Ghana’s image in corruption fight low, says international relations expert

Ken Ahorsu of the Legon Centre for International Affairs and Diplomacy says Ghana is losing the fight against corruption

An international relations expert with the Legon Centre for International Affairs and Diplomacy, Ken Ahorsu, has declared that Ghana’s international image now is no different from other African countries that have been tagged with corruption.

Citing several court cases, including the Election 2020 Supreme Court petition, Ahorsu said even though the opposition National Democratic Congress (NDC) lost the case, it succeeded in casting doubt on the credibility of the judiciary when the bench refused to allow the chair of the Electoral Commission, Jean Mensa, to testify.

Speaking on The Big Bulletin with Beatrice Adu on Thursday (2 September), Dr Ahorsu said Ghana used to be revered in the comity of nations as having a high pedigree when it came to the rule of law and the fight against corruption.

“To be very frank, our image is no longer different from other nations in Africa though we had so much pride in ourselves that [with] Ghana, when it comes to the judiciary, when it comes to the tenets of democracy and when it comes to due process, we’re different and not one of the rest,” Dr Ahorsu said.

CDD survey

Meanwhile, a survey by the Ghana Center for Democratic Development has shown that a majority of Ghanaians do not believe President Nana Akufo-Addo can fight corruption.

The report, which sampled the views of 2,400 Ghanaians from all 16 regions of the country between 23 May and 3 June, also blamed the reduction in the president’s vote between the 2016 and the 2020 polls on his own performance and that of NPP MPs.

“Fewer than half [sic] of Ghanaians are optimistic that, in the next four years, the Akufo-Addo NPP-led government will perform ‘much better or better’ in addressing educational needs (45%), providing reliable supply of electricity (44%), maintaining roads and bridges (44%), and providing water and sanitation services (43%).
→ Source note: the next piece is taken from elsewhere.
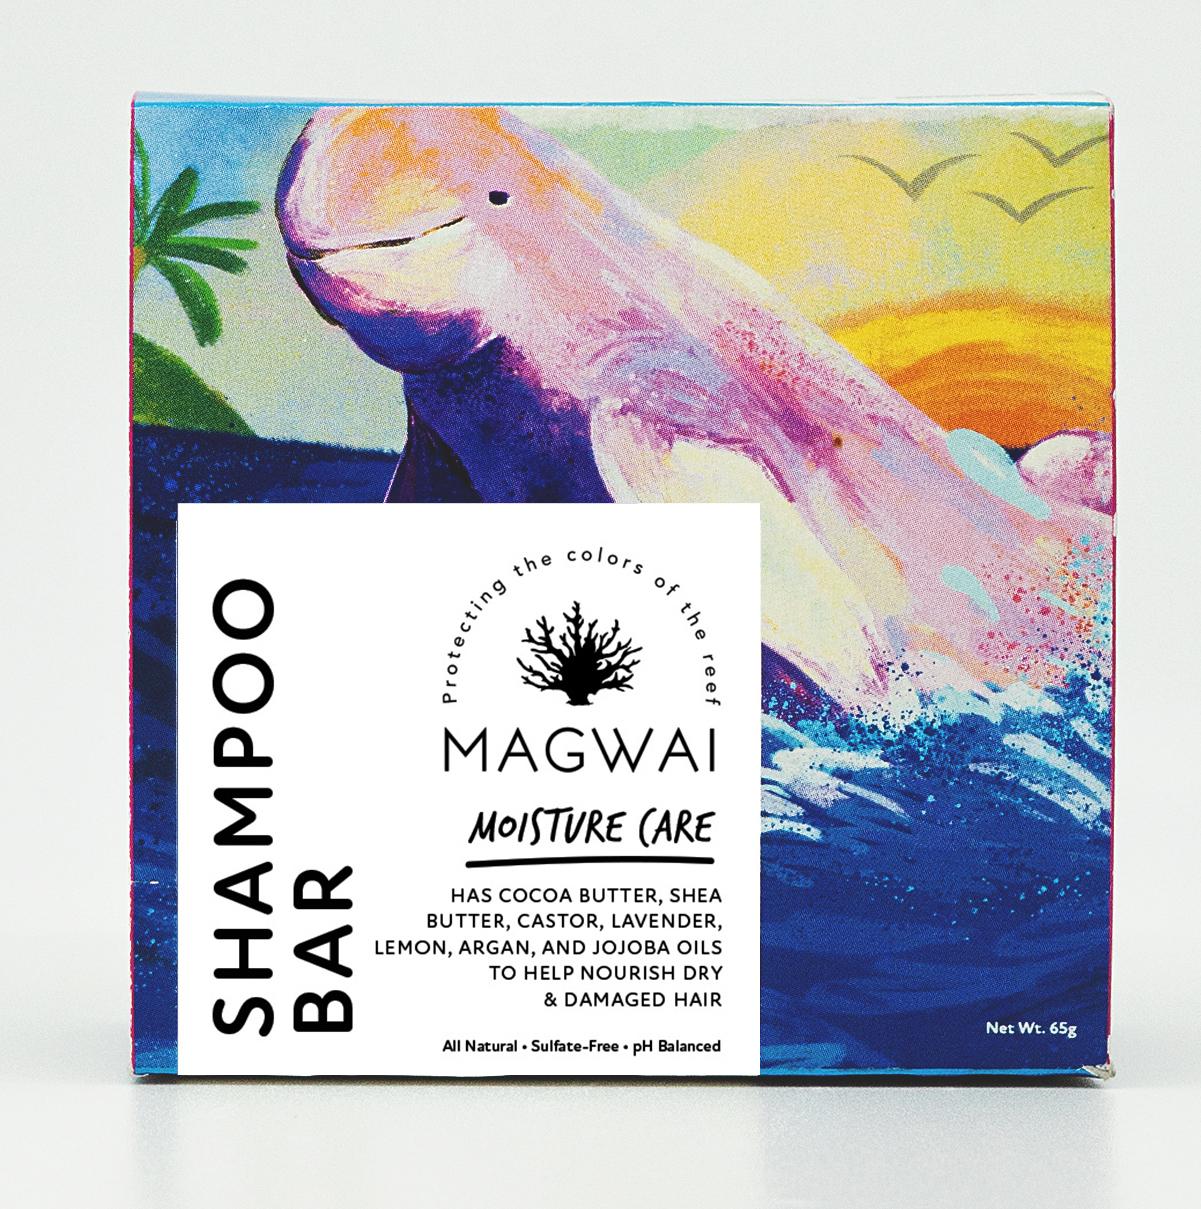 Shampoo Bar (Moisture Care) by MAGWAI

Only one-third (35%) are optimistic about government’s ability to reduce crime,” the survey said.

“Only about three in ten Ghanaians or fewer are optimistic about the government’s ability to fight corruption (30%) and promote collaboration between the ruling and opposition parties (25%),” the report said.

It further noted: “While Ghanaians are split (48% vs 48%) on the government’s ability to ensure that the rule of law is upheld in the next four years, majorities are not confident in its ability to protect the country’s financial resources (53%) and curb corruption and official impunity (62%).

“Ghanaians are evenly split in their confidence in government’s ability to consolidate the gains made in the Planting/Rearing for Food and Jobs programme in the next four years, but a majority (61%) express lack of confidence in the government’s ability to expand the one million-dollar per constituency initiative,” the report said.

It however noted most Ghanaians are hopeful that some things will get better in the second term of the Akufo-Addo government.

“In general, most Ghanaians expect changes in the way the Akufo-Addo-led NPP government handles a number of national development issues in the next four years.  A majority of Ghanaians (52%) are confident that the second Akufo-Addo-led NPP government will consolidate the gains of the Free SHS programme, but a similar proportion (57%) have no confidence in the government to expand the 1D1F initiative across the country.”